Hormone and glucose signalling in POMC and AgRP neurons

Abstract

In the wake of the obesity pandemic, increased research efforts are under way to define how peripheral hormones and metabolites regulate energy homeostasis. The melanocortin system, comprising anorexigenic proopiomelanocortin (POMC) expressing neurons and orexigenic agouti-related protein (AgRP)/neuropeptide Y (NPY) coexpressing neurons in the arcuate nucleus of the hypothalamus are crucial for normal energy homeostasis both in rodents and humans. They are regulated by peripheral hormones such as leptin and insulin, as well as nutrients such as glucose, amino acids and fatty acids. Although much progress has been made, recent reports continue to underline how restricted our understanding of POMC and AgRP/NPY neuron regulation by these signals is. Importantly, ATP-dependent potassium (K(ATP)) channels are regulated both by ATP (from glucose metabolism) and by leptin and insulin, and directly control electrical excitability of both POMC and AgRP neurons. Thus, this review attempts to offer an integrative overview about how peripheral signals, particularly leptin, insulin and glucose, converge on a molecular level in POMC and AgRP neurons of the arcuate nucleus of the hypothalamus to control energy homeostasis.

Figure 1. Direct and indirect models of glucose sensing

Glucose reaches neurons via cerebrospinal fluid or leaky blood–brain barrier. It is taken up directly by the neuron via a glucose transporter (GLUT), phosphorylated by glucose kinase (GK) and then metabolized to produce ATP, or it is taken up by astrocytes, converted to lactate, and then transported to neurons, where it is again used for ATP generation. ATP binds to and closes K_ATP channels, which leads to depolarization and an increase in firing. On the other hand, ATP generation decreases the AMP/ATP ratio, which leads to a decrease in AMPK activity. AMPK itself seems to be necessary for glucose sensing (at least in POMC and AgRP neurons), but it is unclear if gene expression, regulation of glucose transporters or other mechanisms contribute to that.

Figure 2. The role of PI3K and K_ATP channels in leptin and insulin signalling

Leptin and insulin both activate PI3K to induce either depolarization (leptin) or hyperpolarization (insulin).
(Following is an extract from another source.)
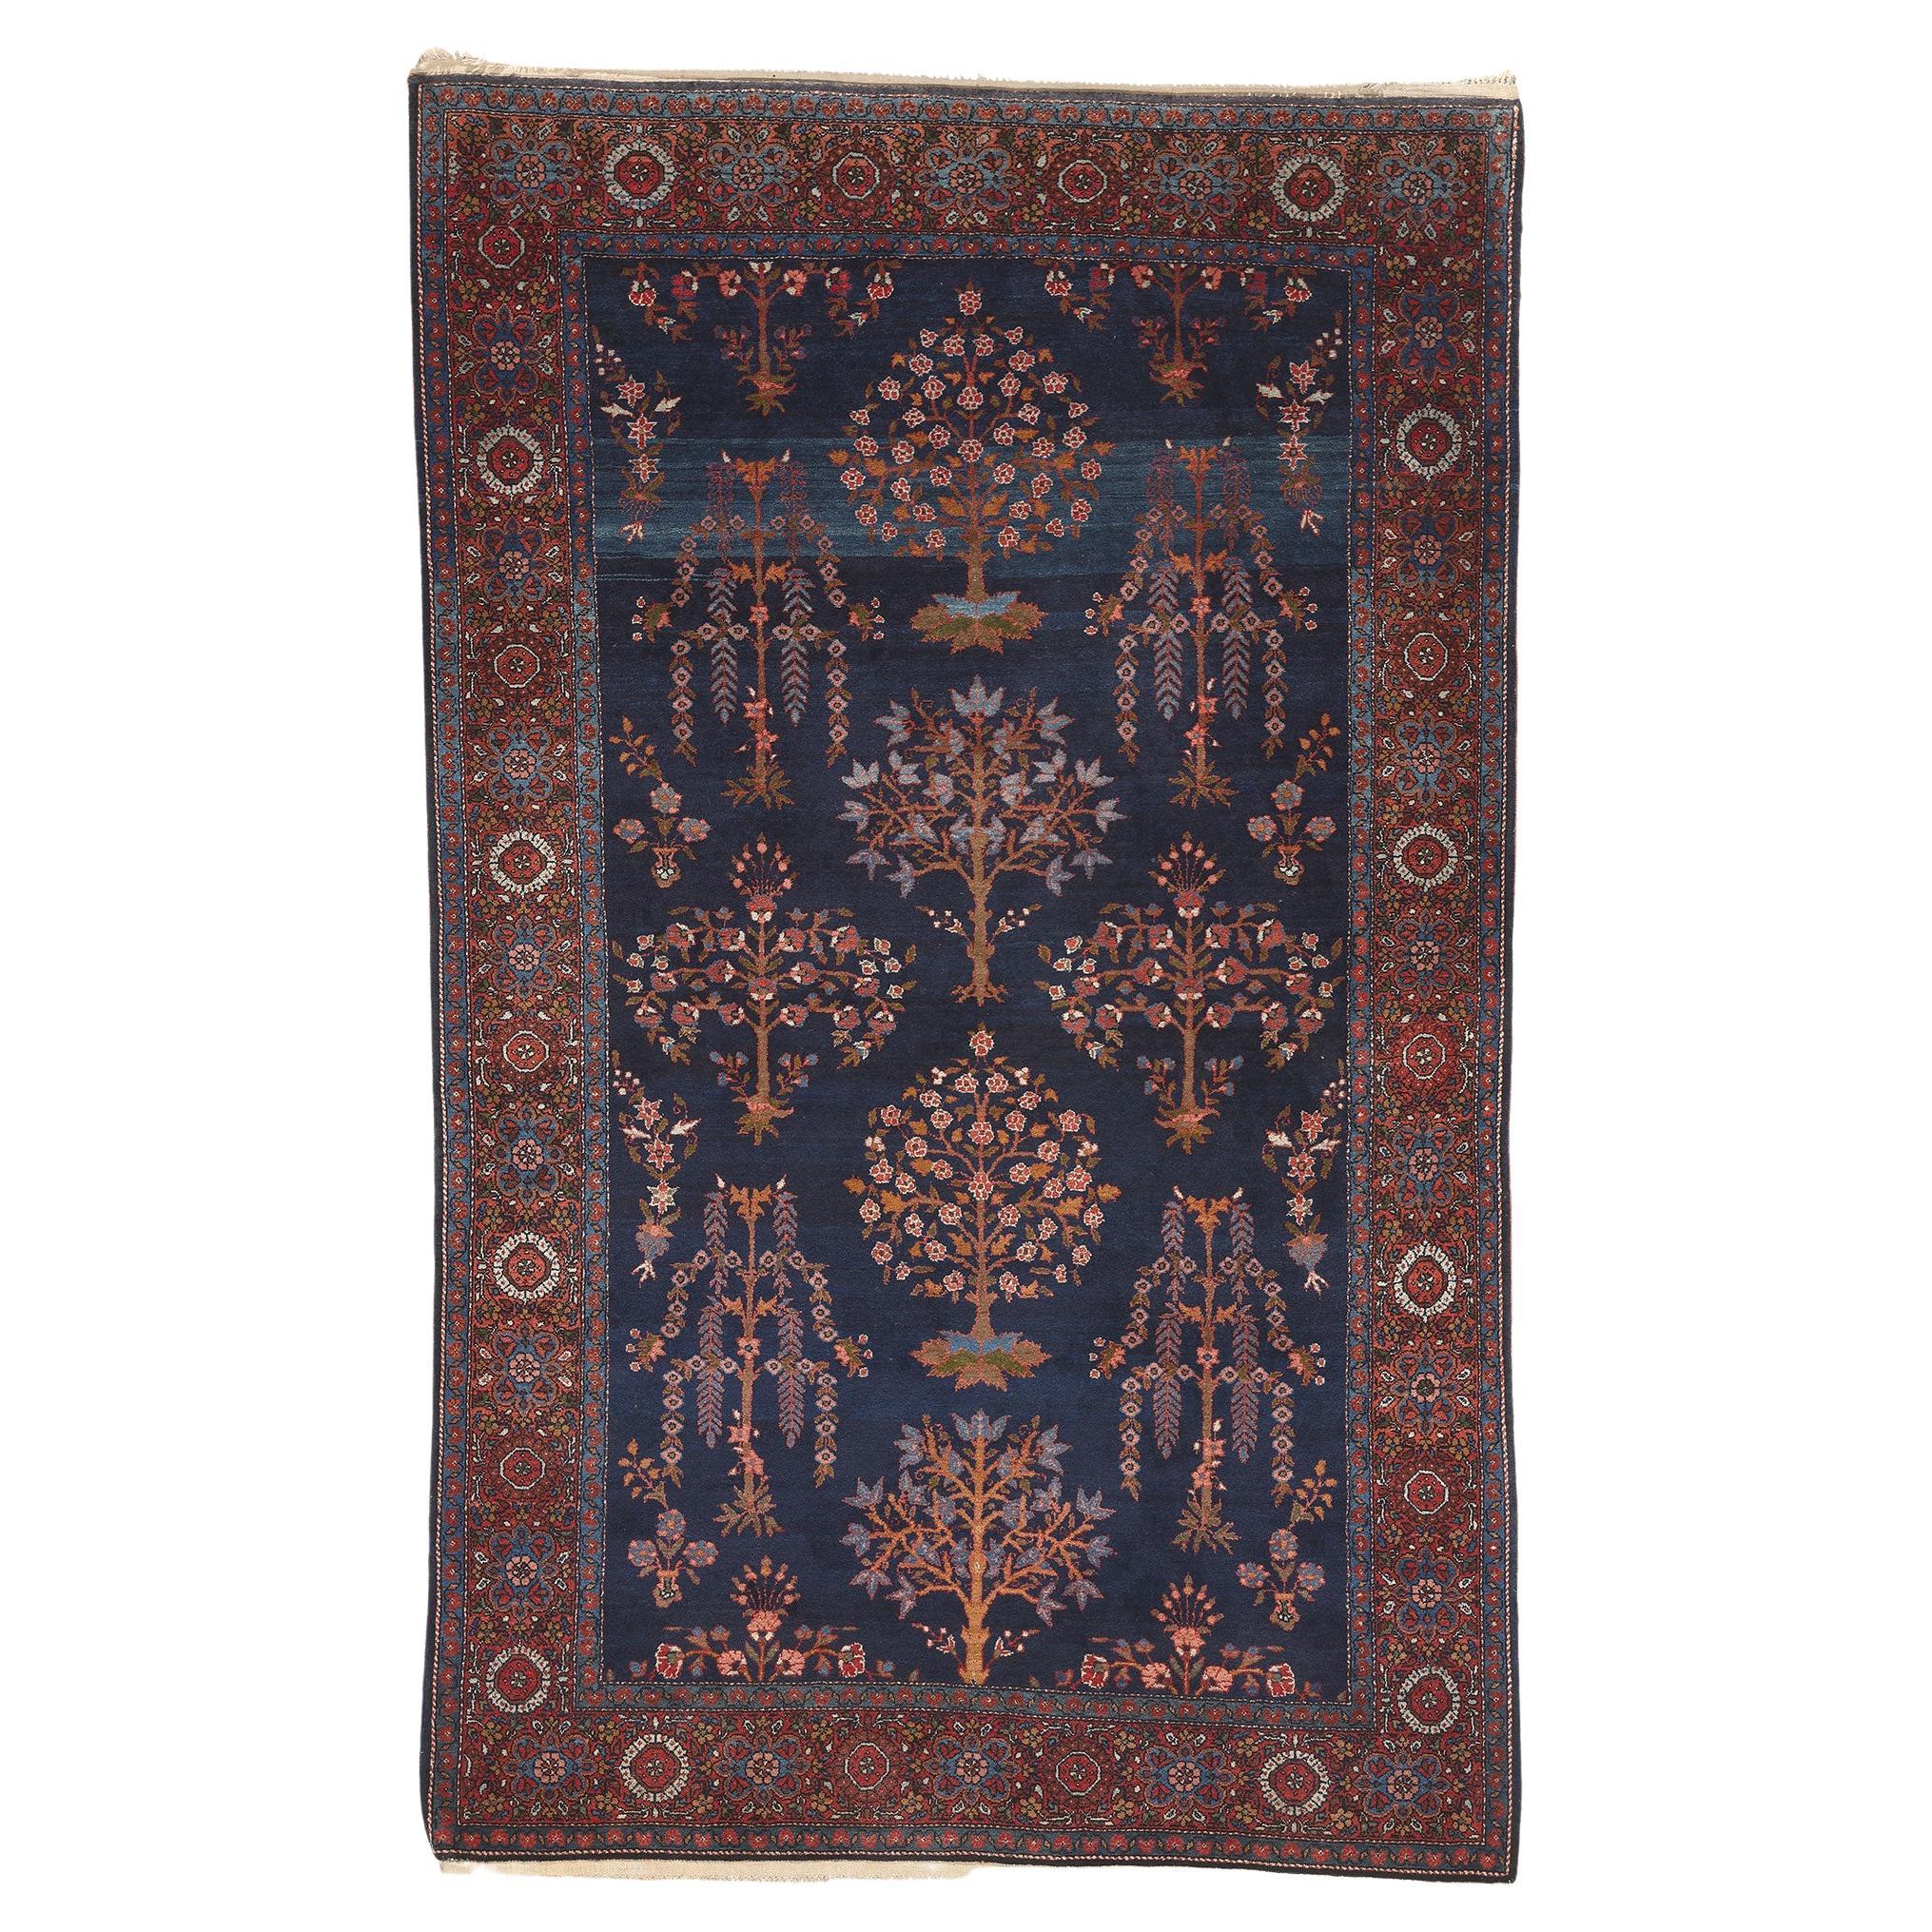 Antique tapis persan Sarouk Farahan, Beauté séduisante et attrait Timeless

It is unclear how activation of the same signalling cascade leads to the two contrary outcomes, but subtle differences in activation strength and/or duration may contribute. Moreover, regulation of actin filaments may be necessary for K_ATP channel activation. PI3K activation also induces nuclear export of FOXO1, and thus abrogates FOXO1's inhibition of POMC expression. STAT3 activation induced by leptin is the driving force behind POMC expression, and competes with FOXO1 to bind the POMC promoter. At the same time, leptin, either by cell autonomous or presynaptic mechanisms, controls synaptic input onto POMC neurons. AKT, protein kinase B; PI3K, phosphatidylinositol 3-kinase; IR, insulin receptor; ObRb, long (signalling) isoform of the leptin receptor; PIP₃, phosphatidylinositol-3,4,5-trisphosphate.

Figure 3. Hypothetical regulation of K_ATP channel subunit expression by hormones and nutrients

K_ATP channel subunits KIR6.1/6.2 and SUR1/2 have been shown to be regulated by glycaemia and hormones such as oestradiol and progesterone. Changes in subunit expression may lead to differences in neuronal response towards glucose, which ultimately affects peripheral glucose production, which again either reinforces or diminishes K_ATP channel subunit expression. Besides neuropeptide expression, acute adjustment of ion channel activity and synaptic plasticity, regulation of subunit expression might be essential for central homeostatic control. The factors crucially involved in the KIR/SUR expression are not understood and thus stated as ‘Factor X’. S, steroids.